European equities retreated from their previous gains as the Federal Reserve’s hawkish interest rate projections overshadowed optimism sparked by softer US inflation data. The Stoxx 600 index fell 0.6%, reversing its earlier advance of 1.1%, the largest in a month.
In contrast, US stocks were poised to extend record highs, with the S&P 500 and Nasdaq 100 futures trading slightly higher. The dollar and Treasury yields were little changed, as investors digested the Fed’s updated rate path.
The European Union’s bonds also declined after MSCI Inc. decided not to include the bloc’s debt in its government bond indexes, a move that could reduce demand for EU bonds.
Earlier, a report showed the US core consumer price index fell to its lowest level in over three years, boosting risk-on assets. However, the Fed’s dot plot revealed a more hawkish stance, with only one quarter-point rate cut expected this year, down from three predicted in March.

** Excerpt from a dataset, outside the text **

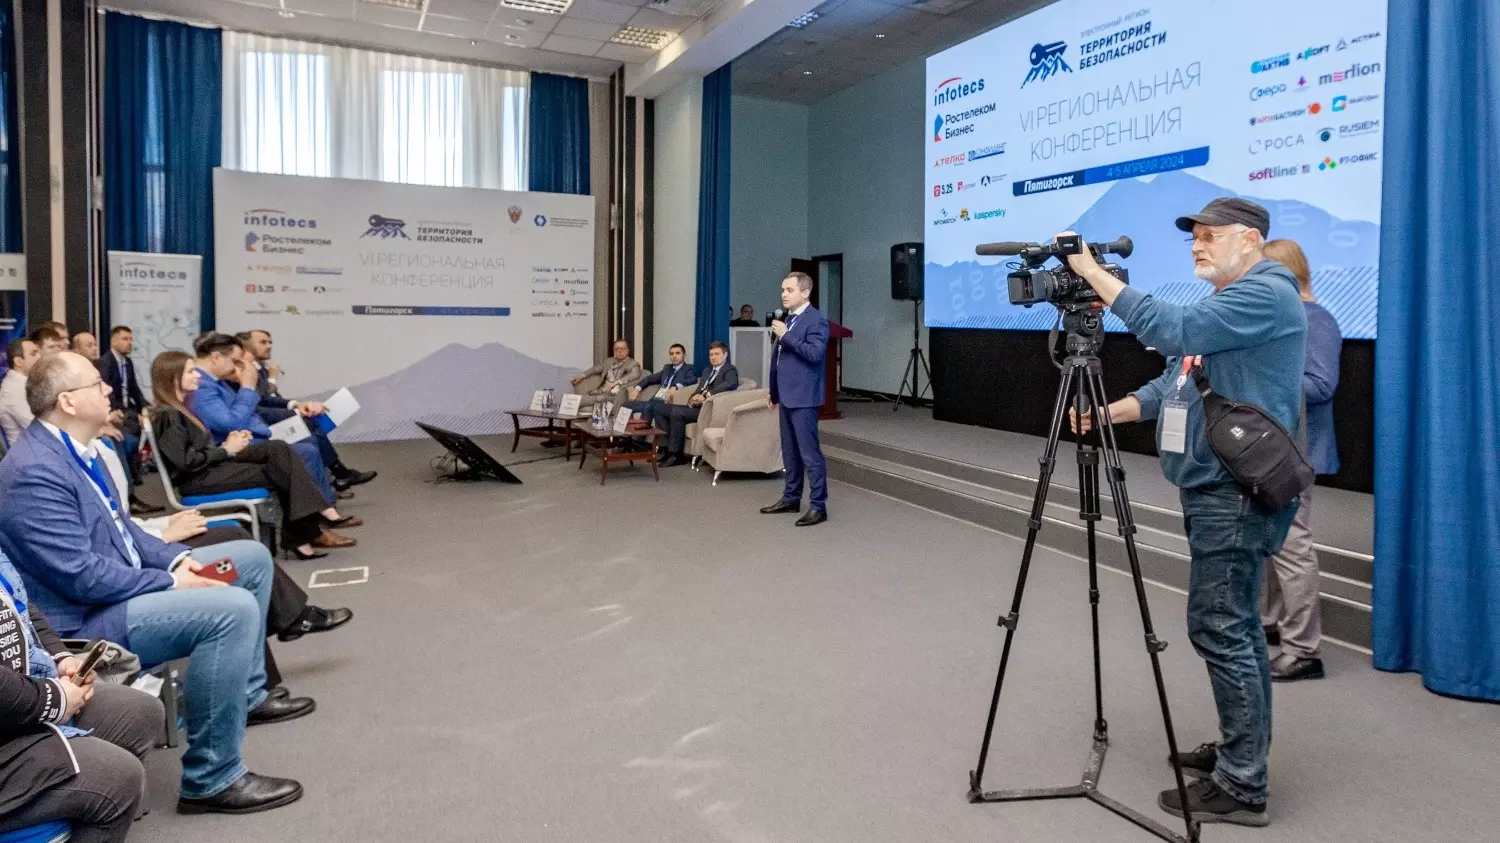 «Ростелеком» представил решения для защиты от киберугроз на конференции в Пятигорске0

According to Mohit Kumar, chief economist for Europe at Jefferies International, “The Fed dot plot was marginally on the hawkish side, causing some pullback in the markets.” He added that any selloff in stocks would be a buying opportunity.

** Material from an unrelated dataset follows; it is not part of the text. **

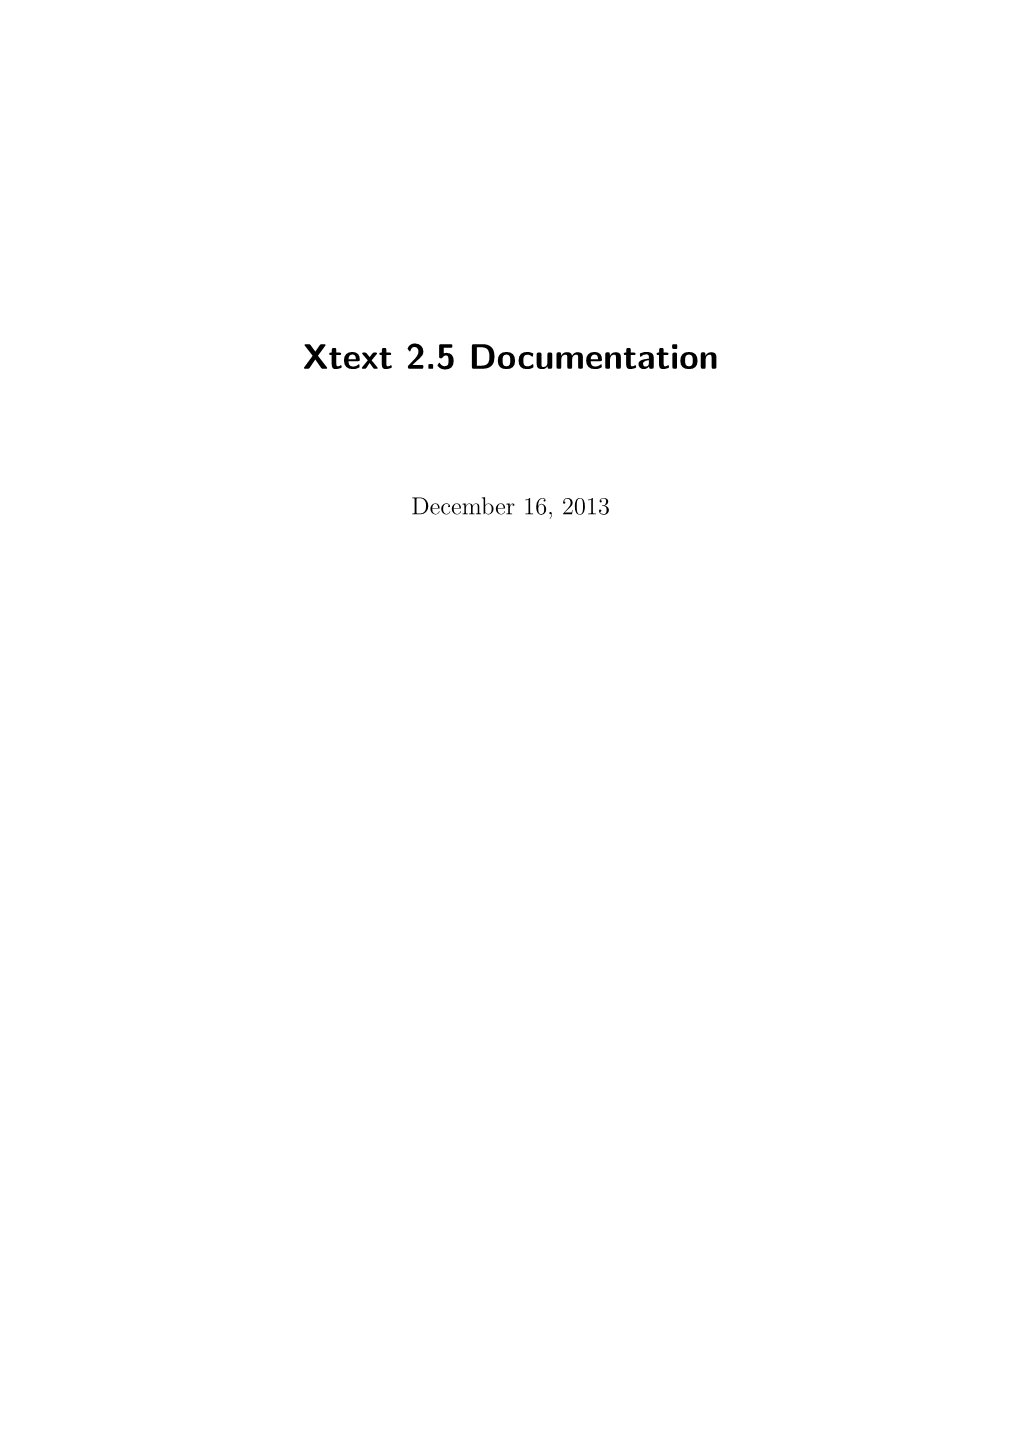 Xtext 2.5 Documentation

European Central Bank Governing Council member Joachim Nagel also warned that consumer price growth in the euro zone remains stubborn, adding to the cautious sentiment.
In Essence
European stocks retreated as the Fed’s hawkish rate path offset optimism from softer US inflation data. While US stocks were set to extend record highs, European bonds fell, and the dollar and Treasuries were little changed. The Fed’s updated rate path and Nagel’s comments added to the caution, suggesting a bumpy road ahead for markets.